You are reading an excerpt from our e-book "88 Ways to Recruit International Students".
II. Armchair recruiting
Don’t underestimate what you can accomplish from your office in Dubuque, Syracuse or South Bend. Even if you are chained to your desk, figuratively we hope, you can pursue numerous recruitment strategies with potentially great payoff. If your institution is just beginning to explore international recruitment, many of these methods can help you wet your feet in the international sector. Or if your institution has already made inroads in some markets, these methods can help to cultivate additional regions. Let’s begin.
1. Website (see also Technology section)
This seems like a given, right? Of course you need a website. You may even wonder how we could have included something so obvious in our list. But, how much time have you spent on your university’s website lately? Is it accessible to students? Is it easy to navigate? Does your website feature dense text or exciting photos? Does it feature YouTube videos and links to Facebook and Twitter? Is it appealing and accessible to an international audience?

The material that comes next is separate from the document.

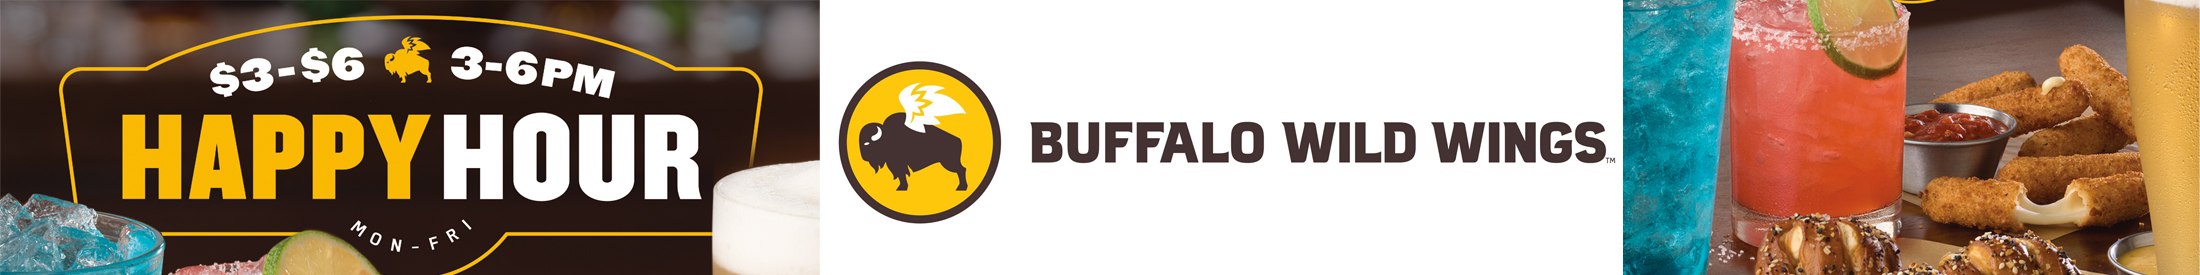 Image of Buffalo Wild Wings Advertisement

In order for your website to be used to its fullest potential, you must first make sure that it can be easily accessed by your target audience – international students, their parents and their teachers and counselors. Keep in mind that YouTube is blocked in China. Any fancy YouTube videos that appear on your site will not be accessible to your Chinese market.
It also helps to include website sections in your prospective students’ native languages. Certainly students you recruit should have an understanding of written English. However, their parents are often the decision makers (they are, after all, footing the bill), so including sections in Mandarin, for instance, will go a long way toward building a relationship with this constituency.
Parents around the world want to be proud of their children’s accomplishments. As university marketers, we need to give these parents information and data points they can and want to relay to friends and family about their children’s education choice abroad. The Ivy’s brand takes care of the “bragging rights.” Everybody else needs to work harder.
2. Email
What can we say? Email is a critical factor even if we all suffer from email overload. Email open rates have declined and students have shifted to alternative communication channels. Yet email remains a cost-effective channel for reaching prospective students.
Outside of India, the United Kingdom and Australia, you will encounter a language challenge in your use of emails. To address the Chinese market, adjust your email template by removing Facebook, Twitter and YouTube, or at least by adding a Chinese connection. We suggest adding QQ, a tool that combines micro blogging, Twitter and Skype. Chinese students use QQ to communicate with each other and with potential university choices.
Our Intead Plus subscribers have access to our compendium of international student recruiting approaches: 88 Ways to Recruit International Students. Learn more here:
3. Timely and personalized responses to emails
Showing up counts. International students studying in the US repeatedly cited admission counselor and faculty responsiveness as the basis of their school selection. Our research makes this point clear. International students are making a decision to travel halfway across the world, typically sight unseen, to an institution of higher education. Given international student unfamiliarity with the campus, faculty, and location, institutions that promptly and personally interact with these students have a great advantage.
Student testimonials about their school selection further support the importance of this factor. When students have been admitted to more than one university of similar quality or ranking, the majority of students choose to matriculate at the institution that has been the most personal and responsive to their emails to faculty or admission offices.
While this may seem overwhelming to the overworked admission counselor or professor, a little goes a long way. If an international student takes the time to send an email, a prompt response reaps significant rewards.